WORK TO COMPLETE:
Your job is to retype all of the data word for word, leaving every image out.

COLLECTED DATA:

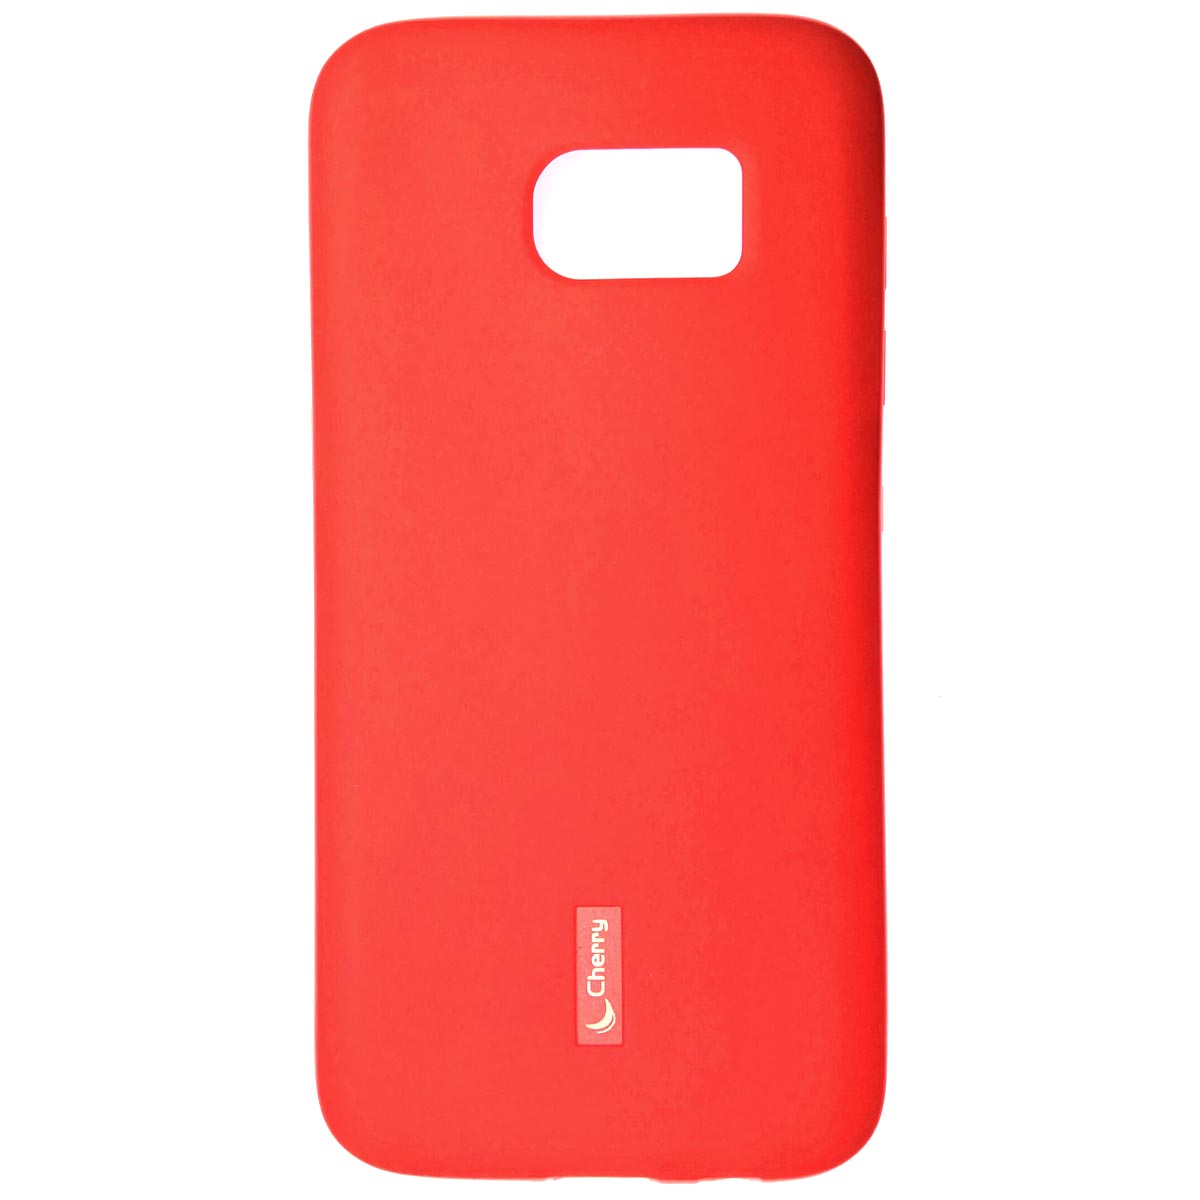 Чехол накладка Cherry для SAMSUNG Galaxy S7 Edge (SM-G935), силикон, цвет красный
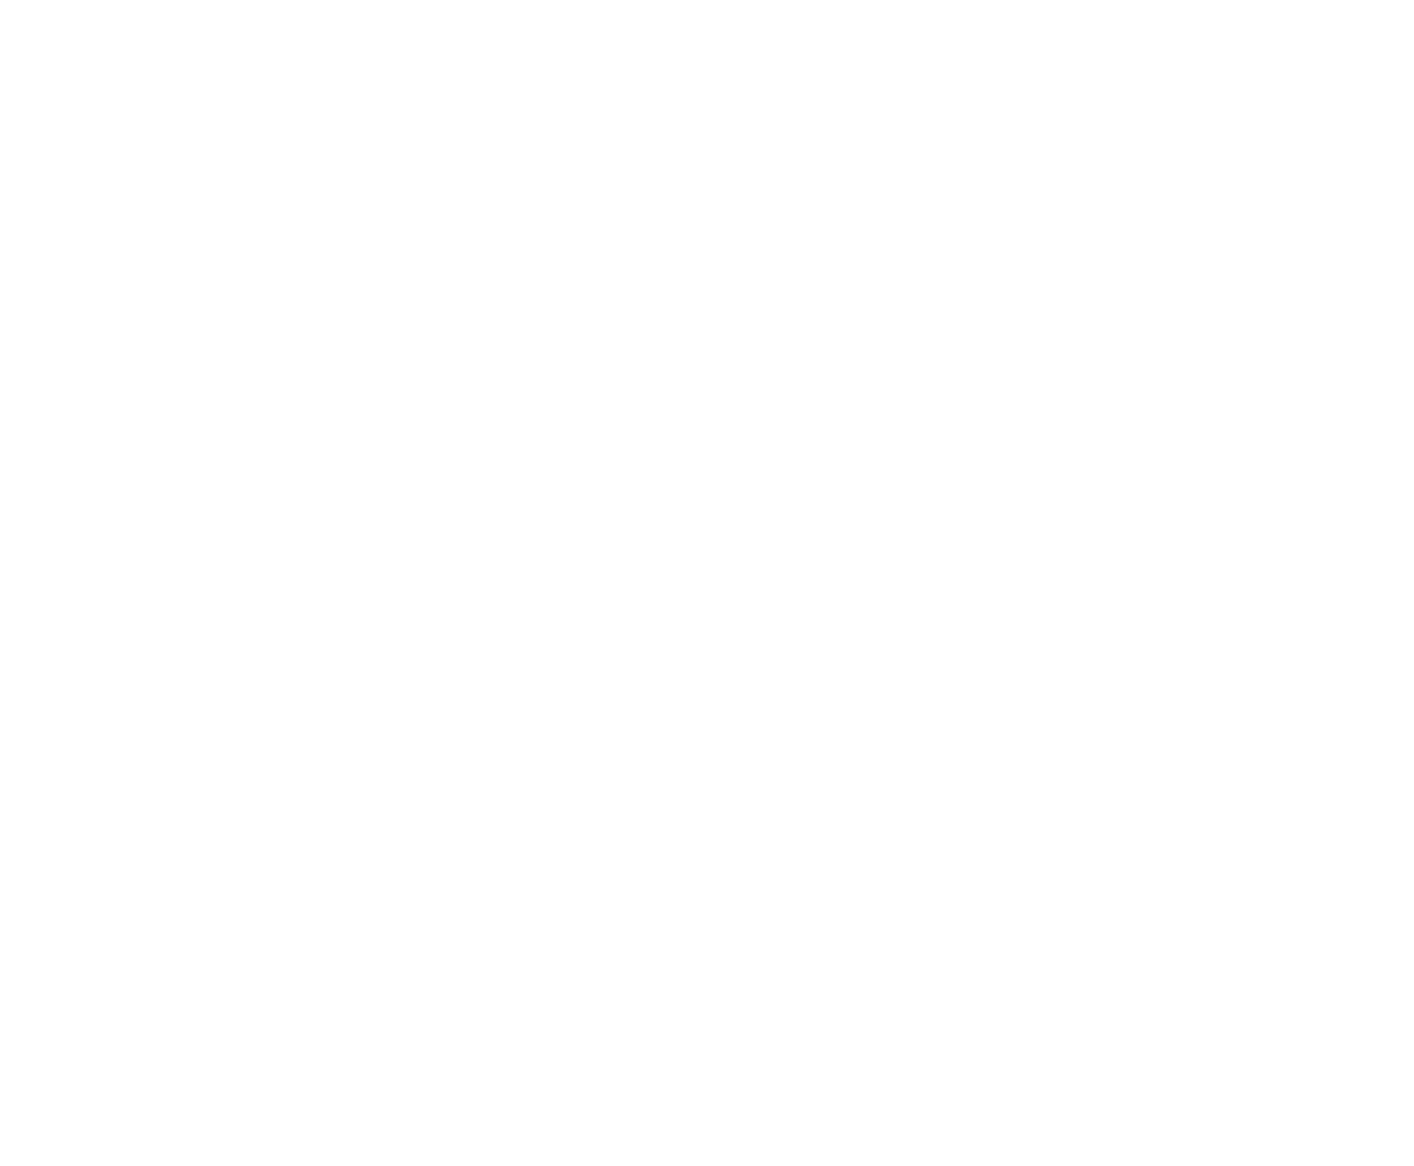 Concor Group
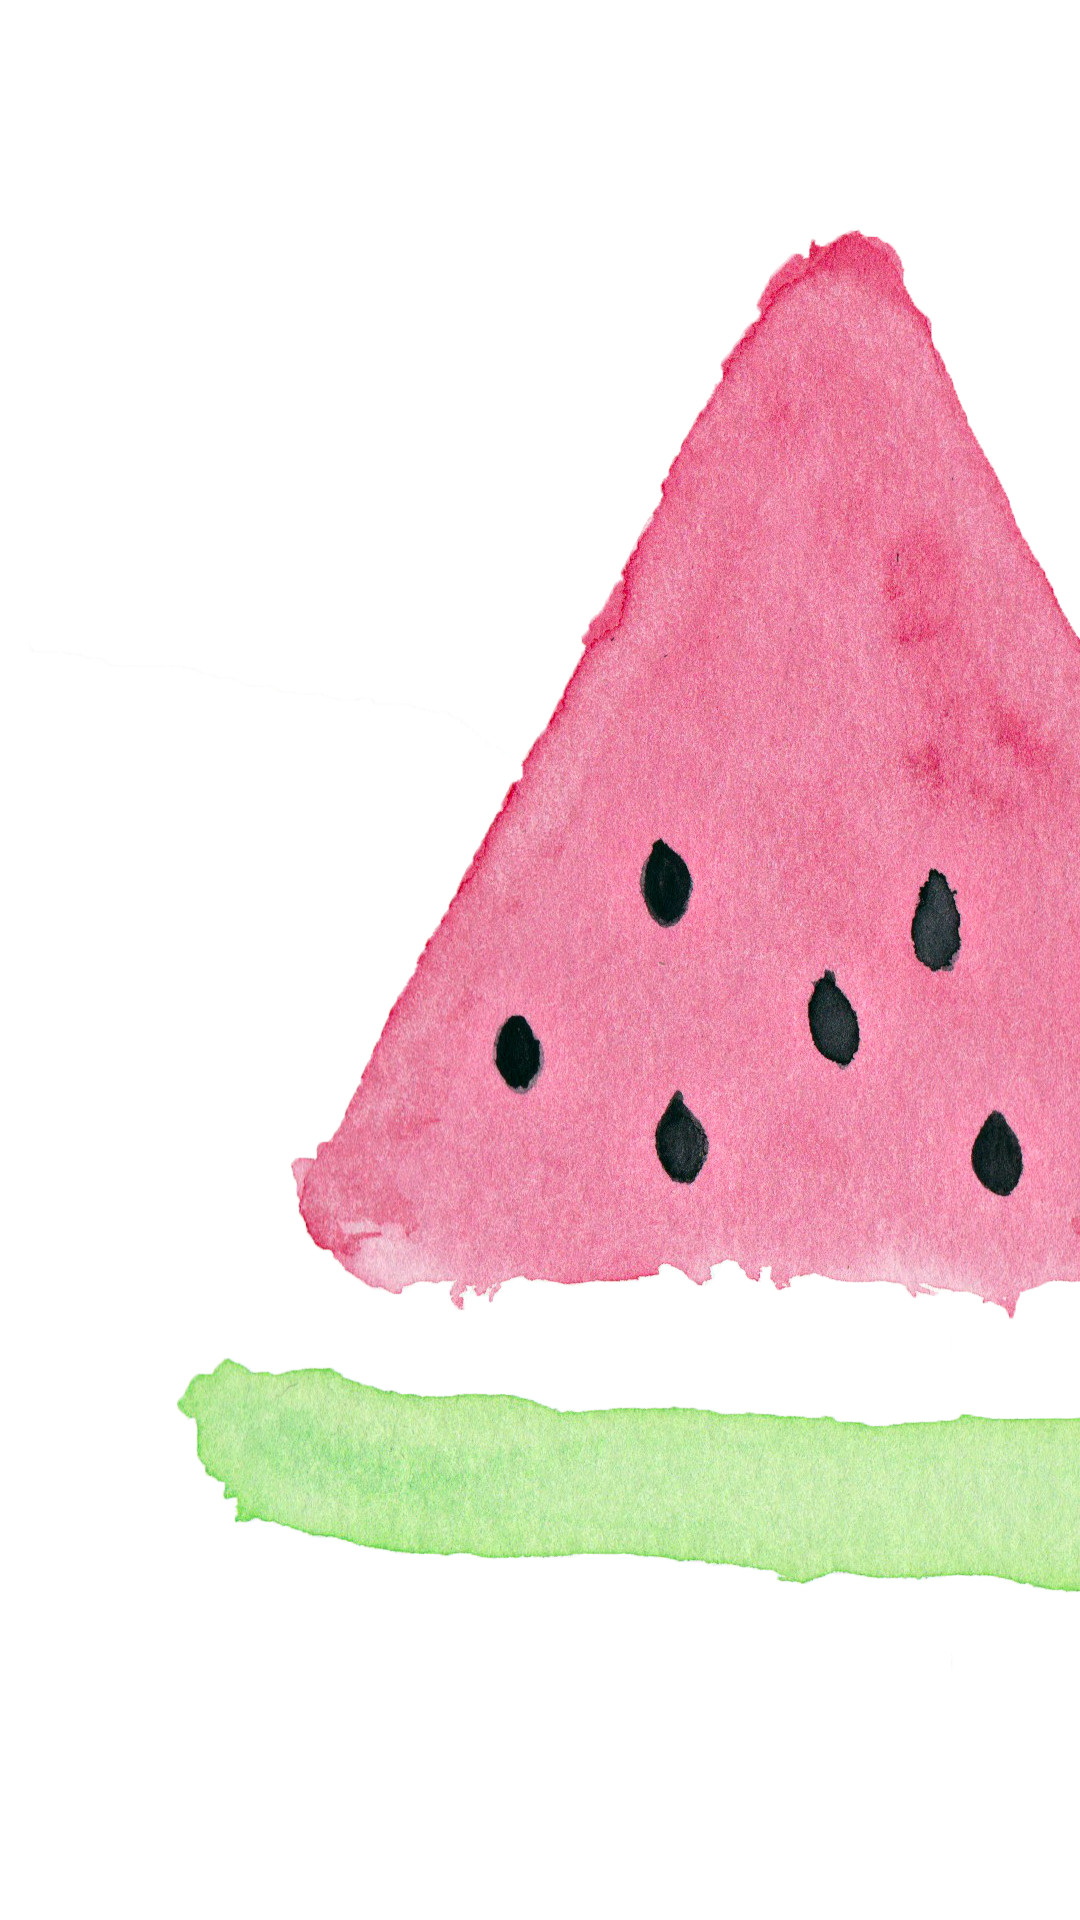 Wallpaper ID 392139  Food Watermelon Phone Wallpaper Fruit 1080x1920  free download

COMPLETED TASK:
 Чехол накладка Cherry для SAMSUNG Galaxy S7 Edge (SM-G935), силикон, цвет красный
 Concor Group
 Wallpaper ID 392139  Food Watermelon Phone Wallpaper Fruit 1080x1920  free download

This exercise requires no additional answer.